Oracle Text 11 - Auto Lexer Issue, Language Detection, Alternate Spelling
880175Aug 5 2011 — edited Aug 10 2011Hello,
I'm trying to set up an auto lexer to index documents in English, French, German, Italian and maybe Spanish. I encounter several problems however, even though some might be to misuse of Oracle Text as I'm still learning. I would greatly welcome advice and help from the fellow expert around.
-- Version
Oracle Database 11g Enterprise Edition Release 11.2.0.2.0 - 64bit Production
PL/SQL Release 11.2.0.2.0 - Production
CORE 11.2.0.2.0 Production
TNS for Solaris: Version 11.2.0.2.0 - Production
NLSRTL Version 11.2.0.2.0 - Production
--Create a Table
create table mytest(id number primary key, docs clob, lang VARCHAR2(30));
--Populate the Table with Data
INSERT INTO mytest VALUES(1, 'Je vais mourir', 'french');
INSERT INTO mytest VALUES(2, 'Le chien est mort', 'french');
INSERT INTO mytest VALUES(3, 'Le chien était mort', 'french');
INSERT INTO mytest VALUES(4, 'Il est content', 'french');
INSERT INTO mytest VALUES(5, 'Nous sommes heureux', 'french');
INSERT INTO mytest VALUES(6, 'Il fait beau aujourd''hui', 'french');
INSERT INTO mytest VALUES(7, 'Rotes Auto', 'german');
INSERT INTO mytest VALUES(8, 'Roter Zug', 'german');
INSERT INTO mytest VALUES(9, 'Grün, Blau, Rot', 'german');
INSERT INTO mytest VALUES(10, 'Ich bin zufrieden', 'german');
INSERT INTO mytest VALUES(11, 'des seins', 'french');
INSERT INTO mytest VALUES(12, 'Hauptbahnhof', 'german');
INSERT INTO mytest VALUES(13, 'Lokomotivführer', 'german');
commit;
-- Create Index
begin
ctx_ddl.create_preference('single_lexer','auto_lexer');
ctx_ddl.set_attribute('single_lexer','mixed_case','no');
ctx_ddl.set_attribute('single_lexer','base_letter','no');
ctx_ddl.set_attribute('single_lexer','base_letter_type','SPECIFIC');
ctx_ddl.set_attribute('single_lexer', 'index_stems', 'YES');
ctx_ddl.set_attribute('single_lexer', 'german_decompound', 'YES');
ctx_ddl.set_attribute('single_lexer', 'alternate_spelling', 'GERMAN');
end;
drop index myindex;
create index myindex on mytest(docs)
indextype is ctxsys.context
parameters ('LANGUAGE COLUMN lang LEXER single_lexer');
-- Problems
1) Id#7 is indexed under the Spanish word 'rotar' instead of the German word 'rot' analog to Id#8 and Id#9. I believed in specifying a language column I would force the lexer to use the correct stemming dictionary. Is it a bug? Or did I miss something?

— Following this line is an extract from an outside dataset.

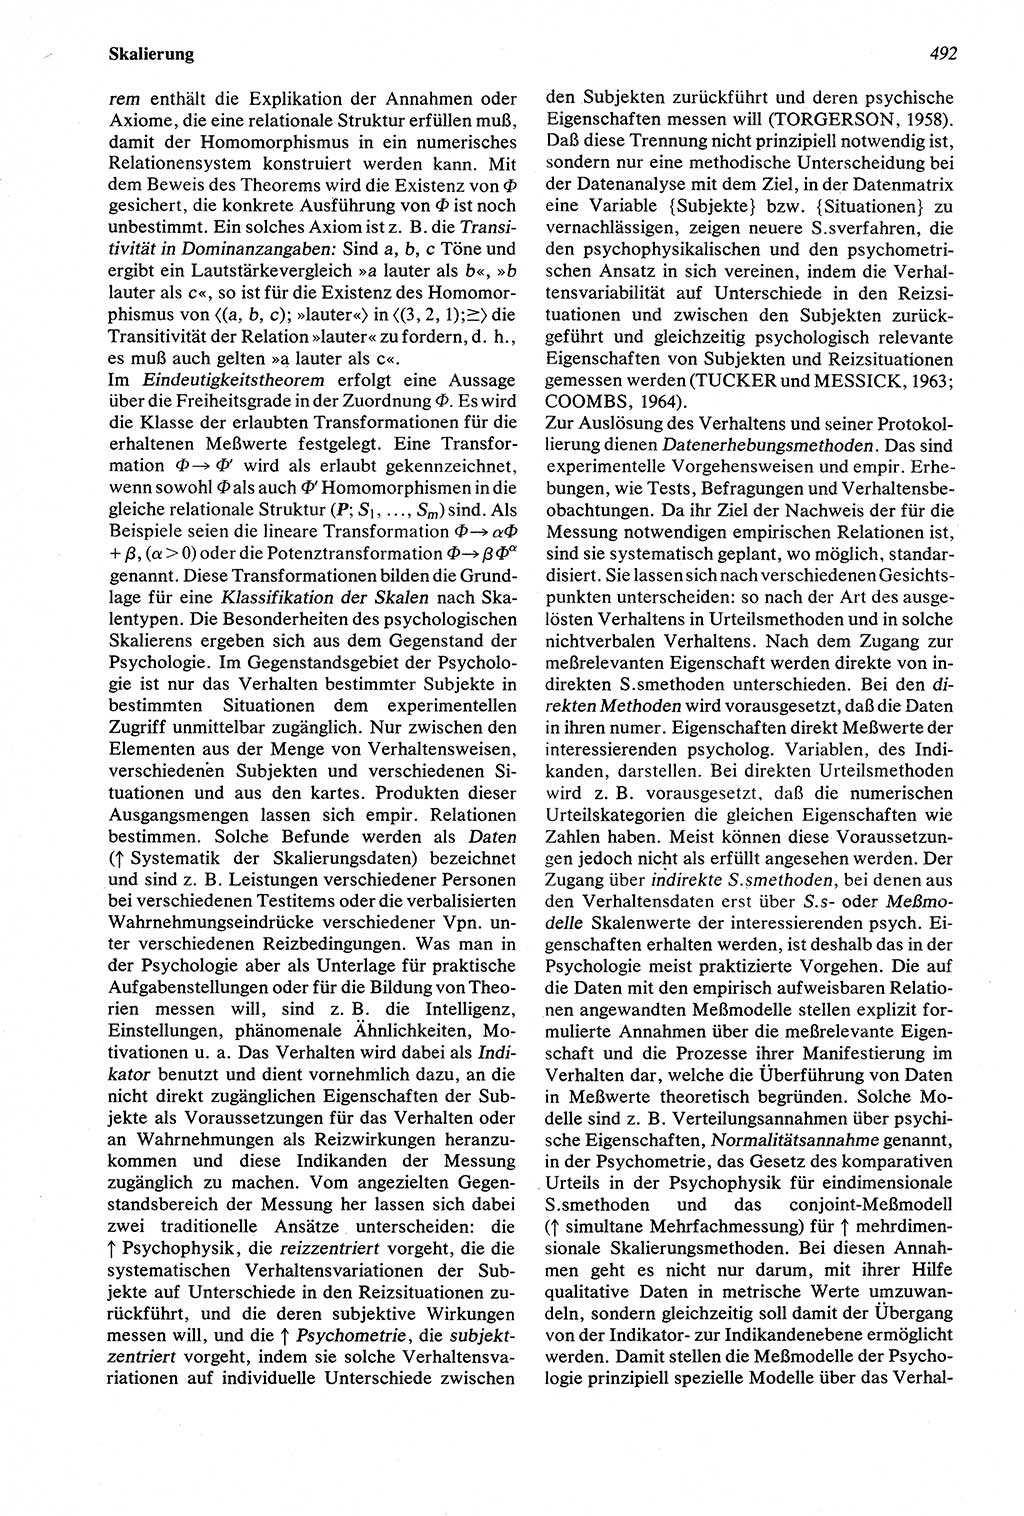 Wörterbuch der Psychologie [Deutsche Demokratische Republik (DDR)] 1976, Seite 492 (Wb. Psych. DDR 1976, S. 492)

2) Query not giving expected result
SELECT SCORE(1), id, lang, docs
FROM mytest
WHERE CONTAINS(docs, '<query><textquery lang="german">Gruen</textquery></query>', 1) > 0;
--> No result
This query should output 1 result (namely Id#9), according to the alternate_spelling=GERMAN parameter. Is it a bug? Or did I miss something?
3) Composite German words in Id#12(Hauptbahnhof) und Id#13(Lokomotivführer) should be decomposed in "Haupt", "Bahnhof", "Lokomotiv", and "Führer" according to the german_decompound=YES parameter. In fact only Id#13(Lokomotivführer) is correctly decomposed. Previously I had no problem decomposing both words when using the composite=GERMAN parameter of the BASIC_LEXER. Is it a bug? Or did I miss something?
Thanks you very much for any hints or answers that would make me closer to the solution.
Frederic